▶ **SOURCE MATERIAL**
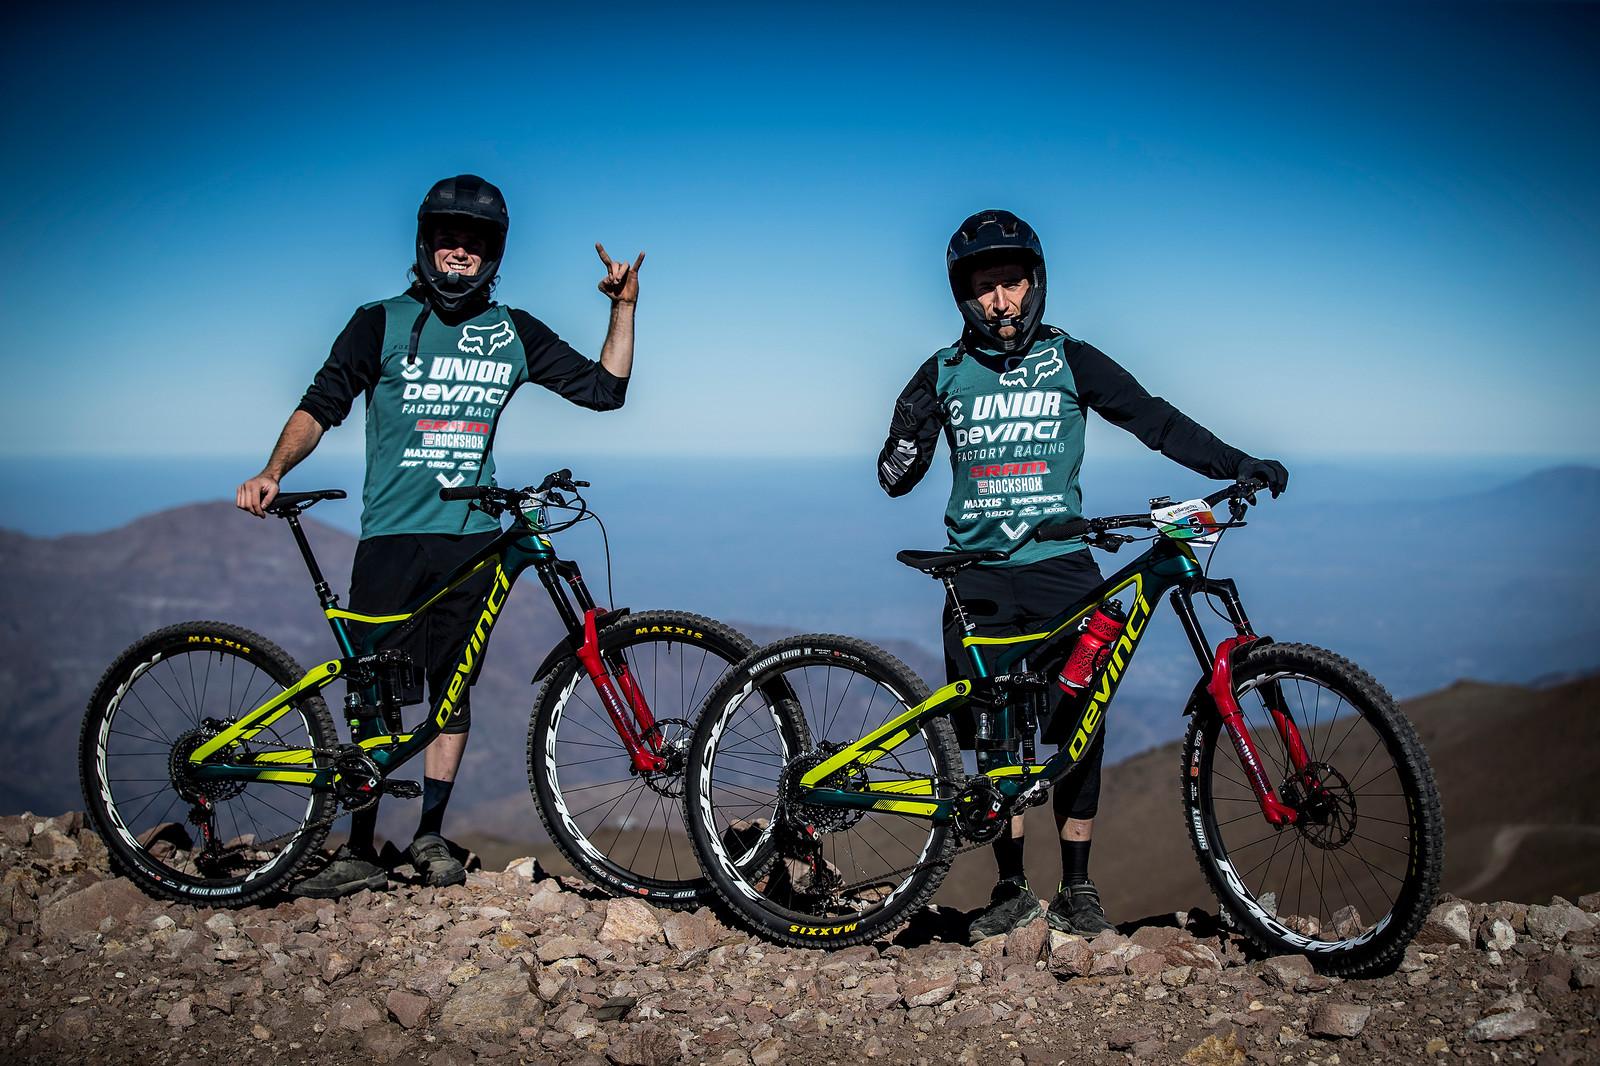 Damien Oton and Keegan Wright at the 2018 La Parva EWS  - PIT BITS AND BIKES - Enduro World Series, Chile - Mountain Biking Pictures - Vital MTB
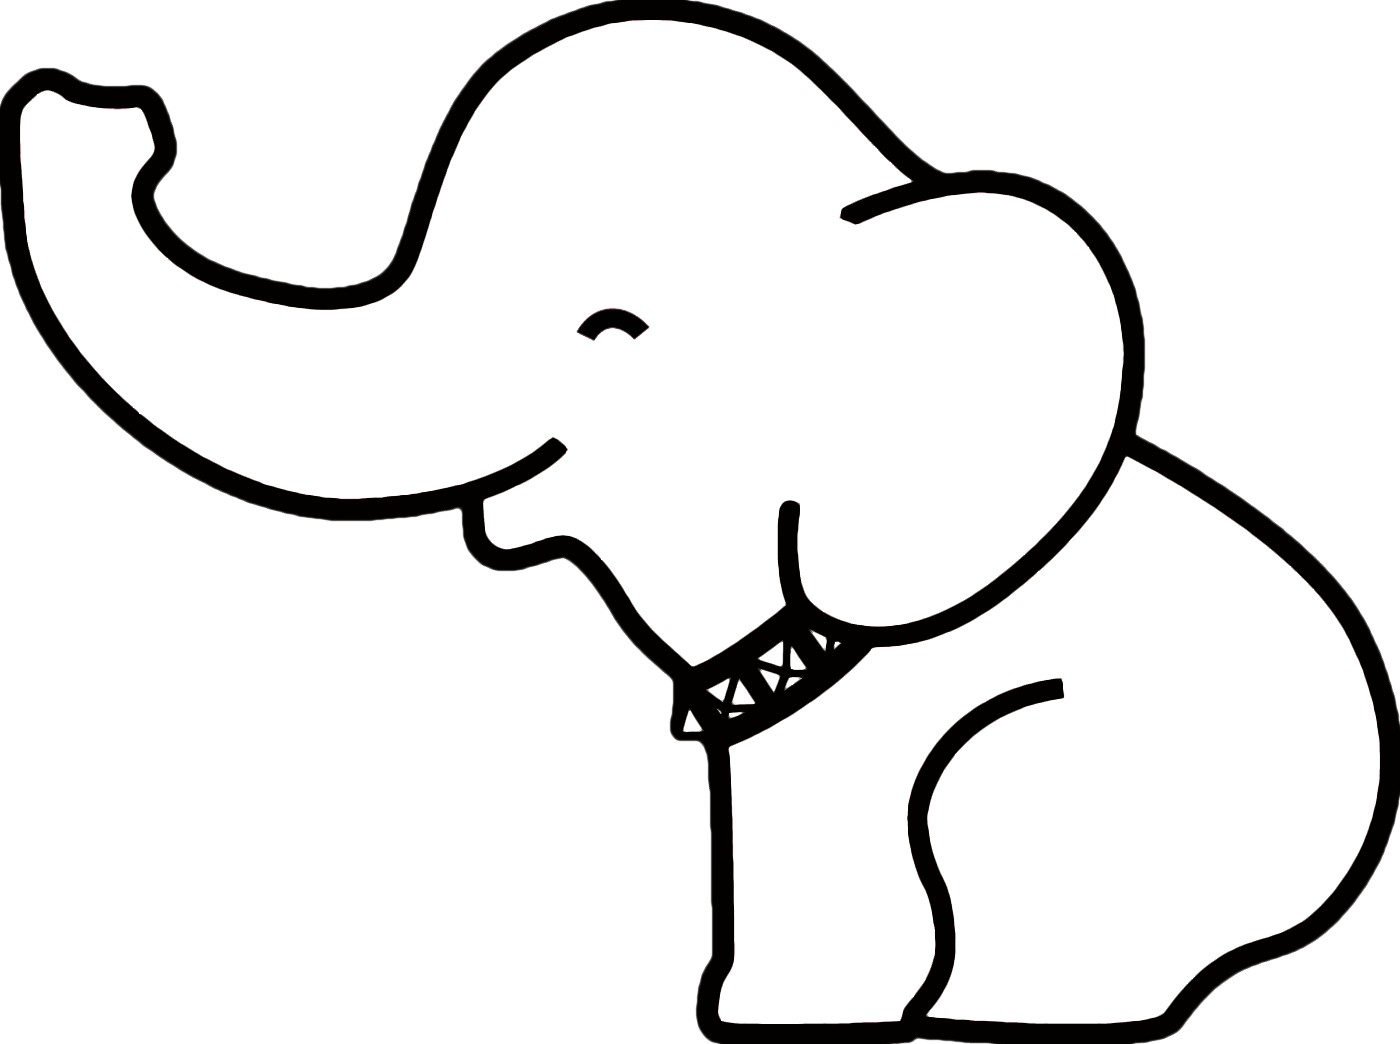 Transparent jpeg elephant clipart banner black and white Elmer elephant clipart transparent - ClipartFest banner black and white
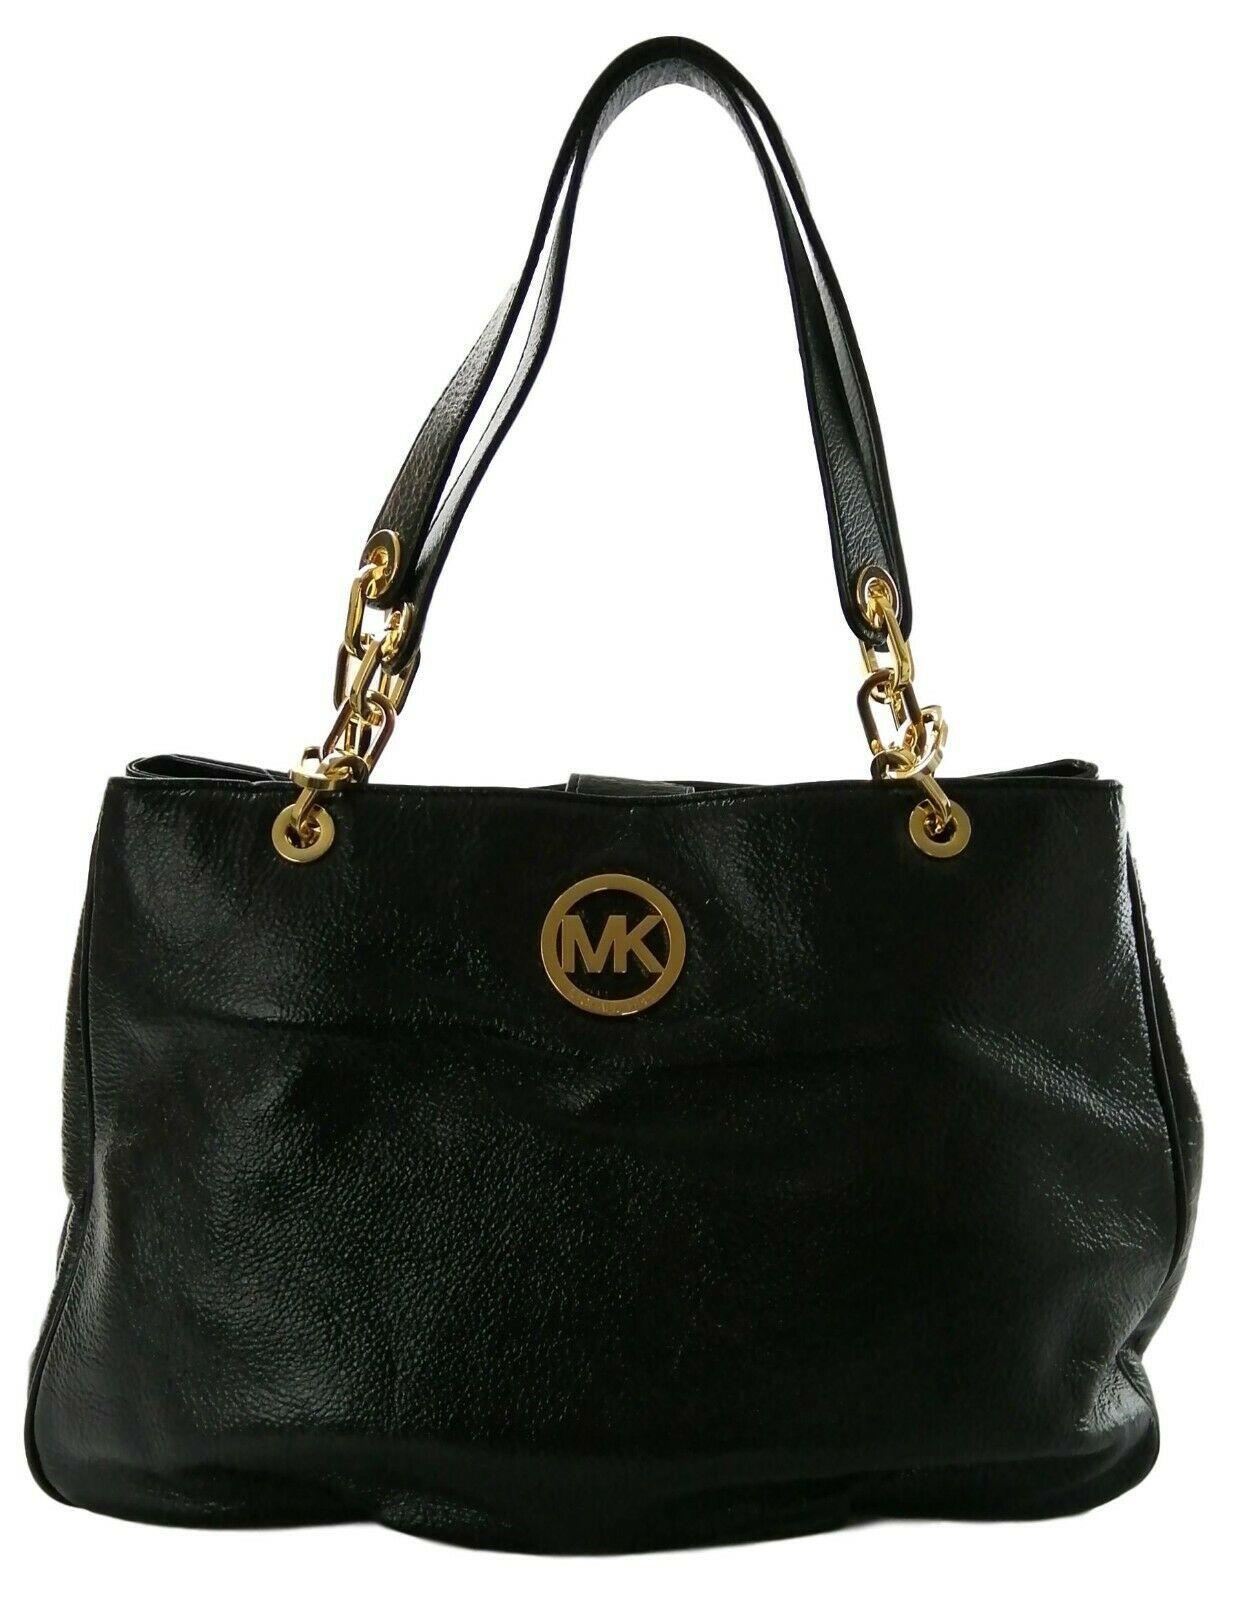 Michael Kors City Shoulder Bag: 6 customer reviews and 216

▶ **PROBLEM STATEMENT**
Exact output of each line above is wanted, without the pictures.

▶ **COMPLETED TASK**
 Damien Oton and Keegan Wright at the 2018 La Parva EWS  - PIT BITS AND BIKES - Enduro World Series, Chile - Mountain Biking Pictures - Vital MTB
 Transparent jpeg elephant clipart banner black and white Elmer elephant clipart transparent - ClipartFest banner black and white
 Michael Kors City Shoulder Bag: 6 customer reviews and 216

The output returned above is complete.